How do you guys do it? Can you read high fantasy in spurts?
Currently reading, or attempting to--I put it down last week and haven't picked it up again: Michael Chabon's Gentlemen of the Road.
Part of it can be blamed on writing: writing takes up reading time, writing makes me crazy editor on other people's books, writing makes my eyes hurt until I want to pull them out of my head and find a hobby that just doesn't require them.
But, I think most of all? Reading is not a multi-tasking event. And this is a multi-tasking world. In high school, college, etc, I used to grab a stack of books, and hurl myself into the comfy chair, sprawl on the bed, the floor, wherever there was light and space, and go for it. Now, unless the book is wildly hard to put down, I can't help myself. I think about what I should be doing, what I need to do, what I could be doing. I try to do other things while reading, and really--the only thing you can do with any degree of success while reading, is eat.

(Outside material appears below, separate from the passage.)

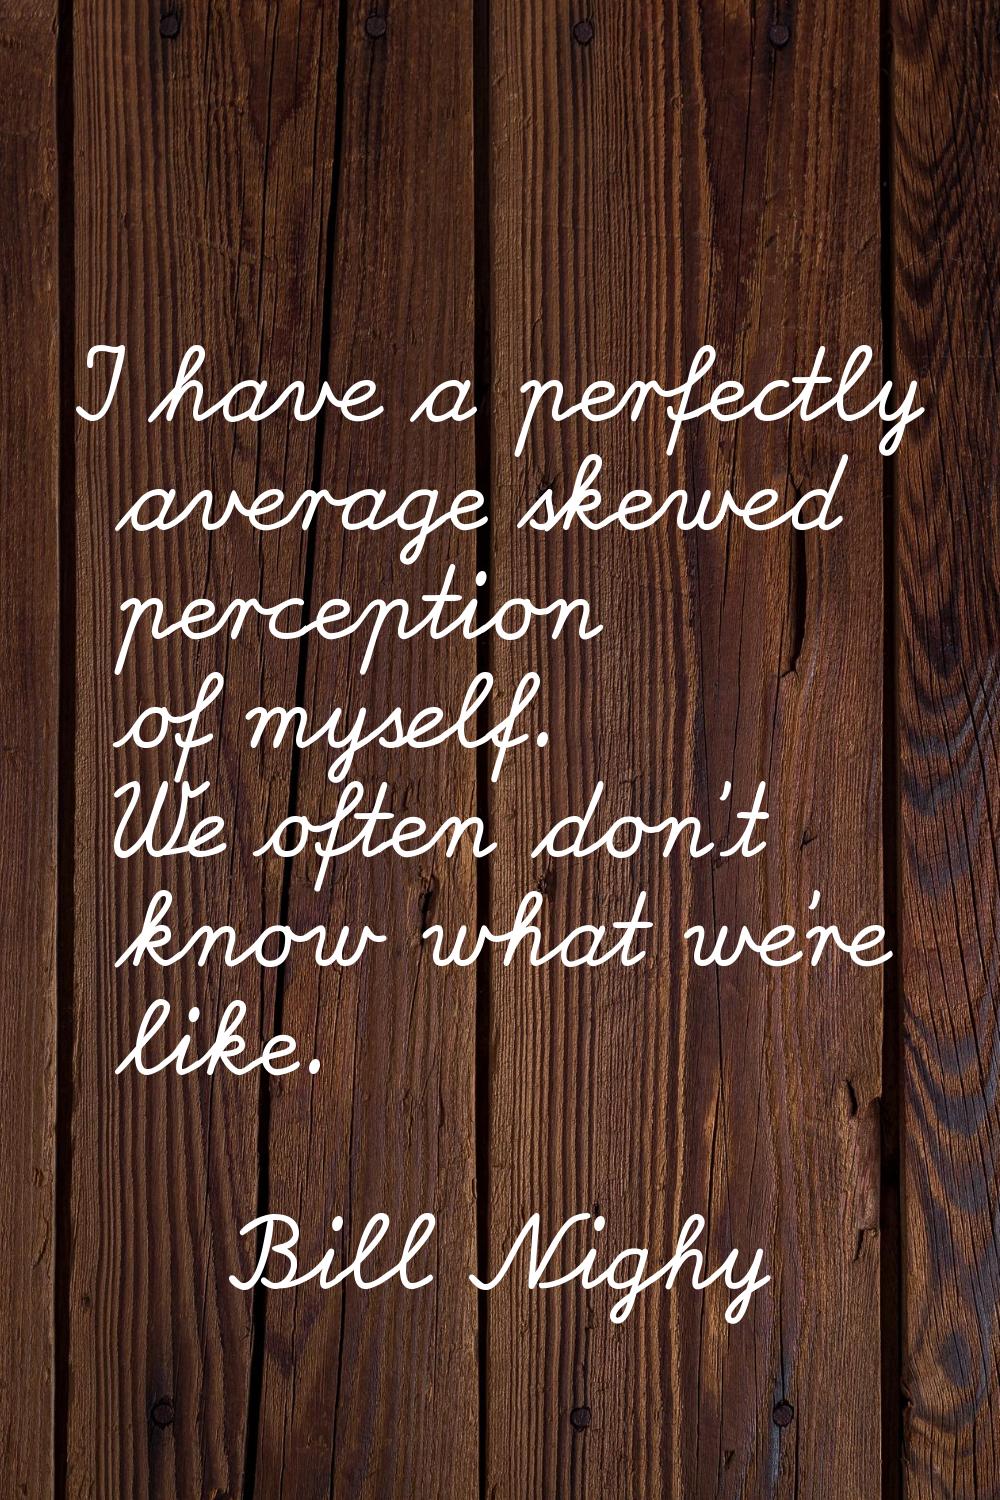 I have a perfectly average skewed perception of myself. We often don't know what we're like.

On the other hand, while watching TV, you can successfully, do your laundry folding, check email, check newsfeeds, play with the cats, make dinner, talk on the telephone (if I'm being terribly rude to the caller), even hit the treadmill. Reading doesn't allow for any of that without disruption. Writing, oddly, does. I'm a fit and spurt writer, a hundred words here--flee the desk--a hundred words there--flee the desk. Things get done all around me.

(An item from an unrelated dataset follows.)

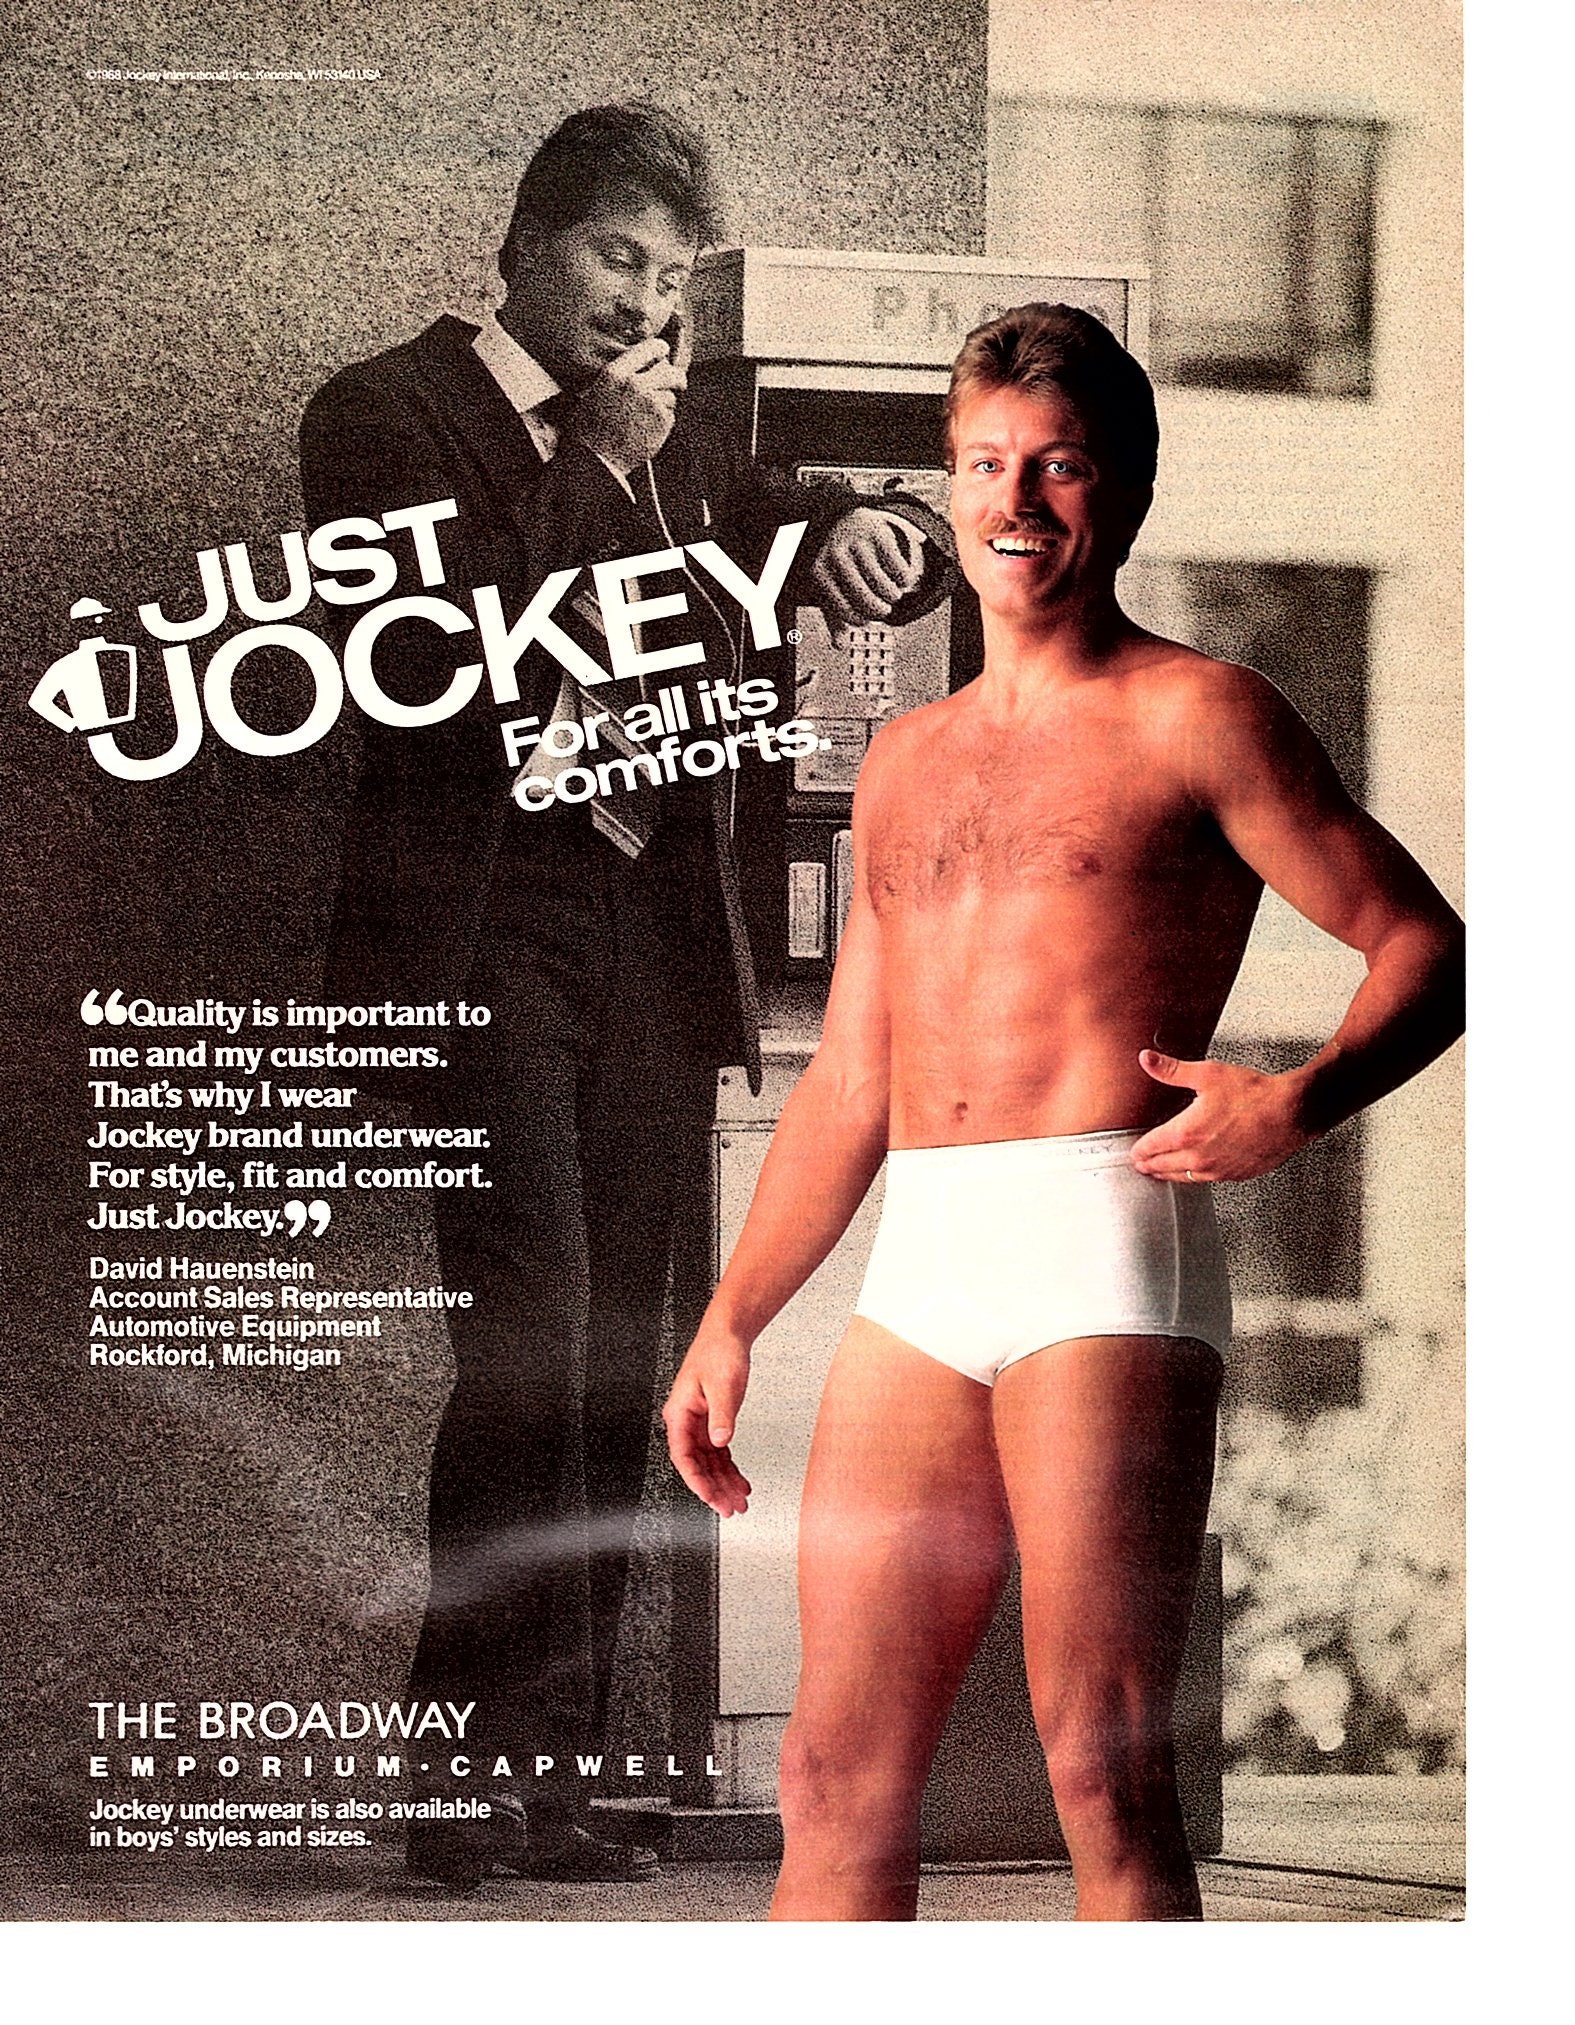 1988 ad for Jockey for Her intimates. - ™

But you know? I really miss reading. I learned to set aside writing time; maybe I need to set aside reading time. I can steal time here and there, but it's just not the same experience at all. I miss the immersive days, where my body might as well have been a carcass while I read. Nothing distracting me, nothing disrupting me, and if I got up at all, it was with the book glued to my face. (Yes, I was that reader. The one who wandered school hallways with a book open and a dazed expression.) Fantasy and science fiction, even horror, more than any other genres require that kind of immersion. Mysteries, you can set down. Chick lit, romance, lit, adventure. All of it can be put down, generally without distress. But fantasy. . . I put down a George R R Martin book and there's a need for transition from his world to mine and back again. It's hard to let go, harder to get back into it. Science fiction's the same, at least any SF book with an Other World setting. And Horror? It's all about atmosphere. You lose that momentum and make a trip back to the real world--you're in danger of gaining perspective, of stepping back in at just the wrong moment where the whole thing just seems sort of. . . silly.

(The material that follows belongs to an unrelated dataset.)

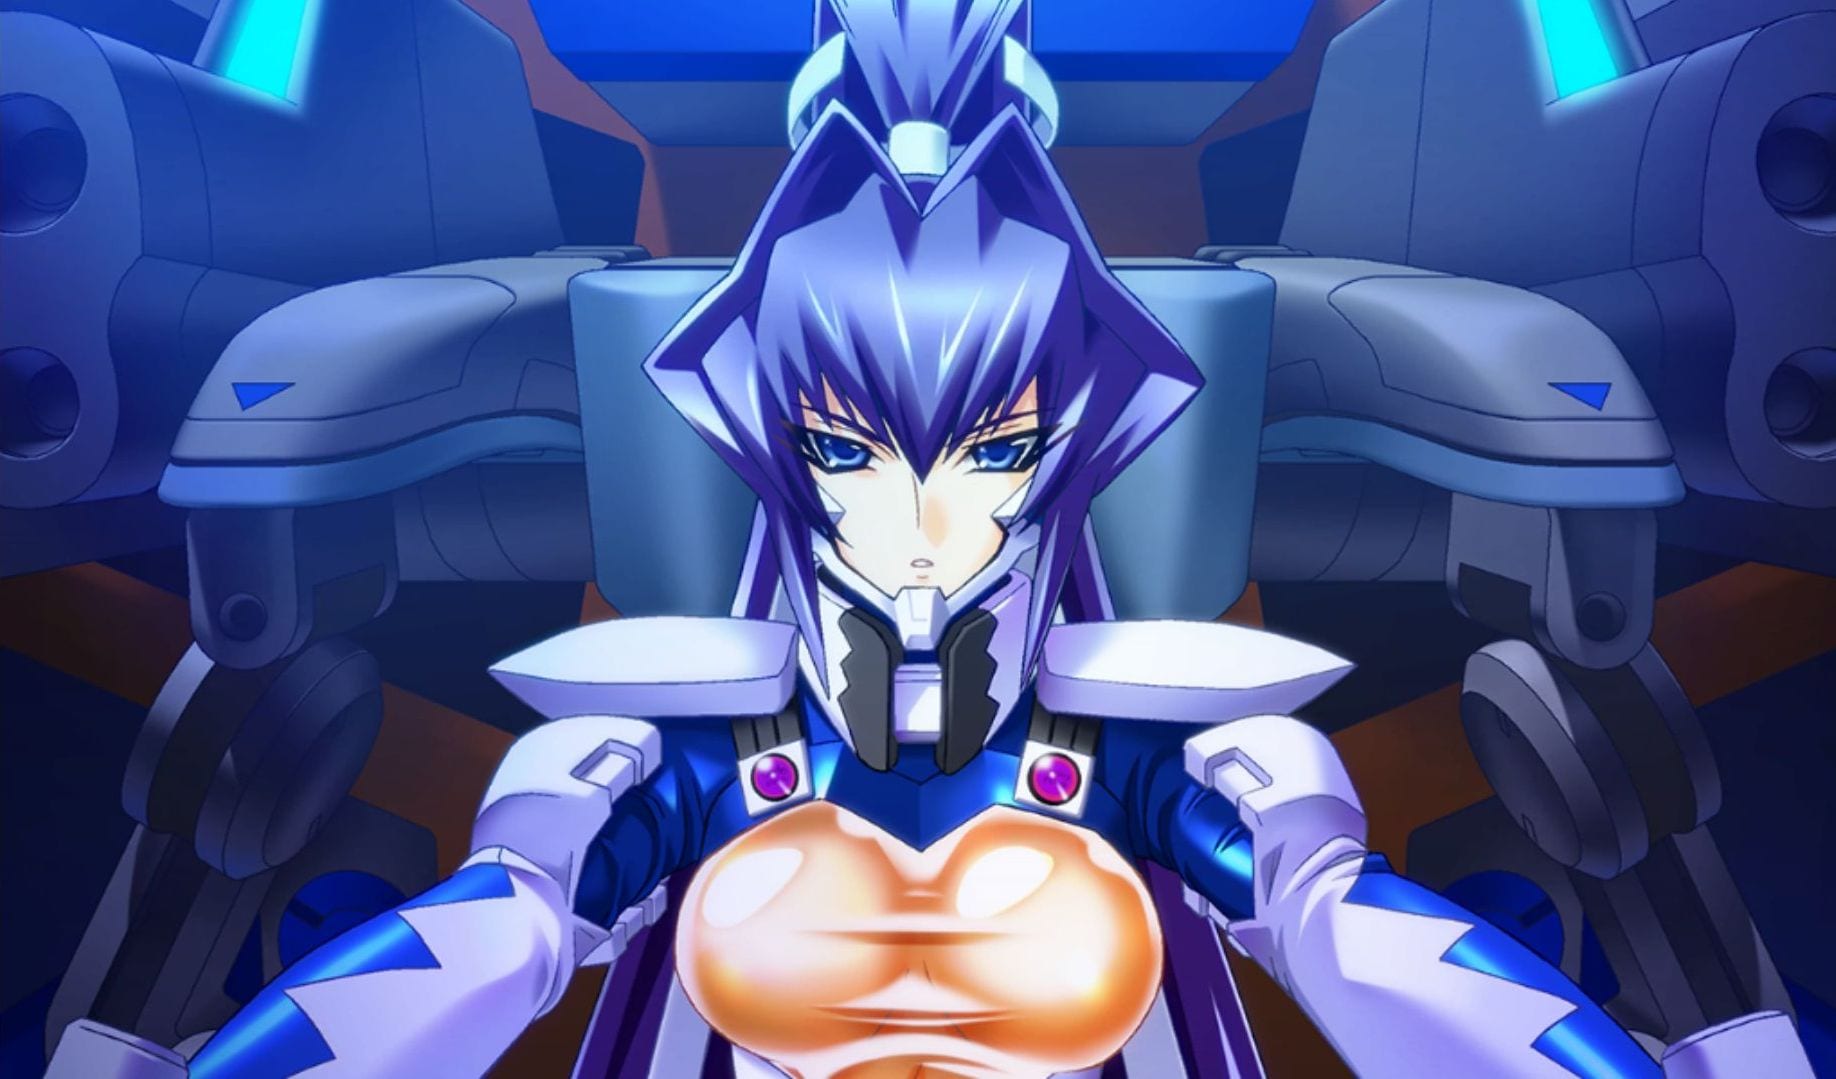 Muv-Luv Unlimited

This may explain why out of all the books bought last year, the ones that remain unread are 90% high fantasy or elaborate SF. And the ones that I've been picking up are now-world settings, for the most part; quick paced adventures with a modern feel. I want to read the books malingering on my shelves. I've been drooling over Marie Brennan's Midnight Never Come for so long that she's finished the sequel to it. Yeah, it's past time to add reading to my schedule.
How do you guys do it? Can you read high fantasy in spurts?
Currently reading, or attempting to--I put it down last week and haven't picked it up again: Michael Chabon's Gentlemen of the Road.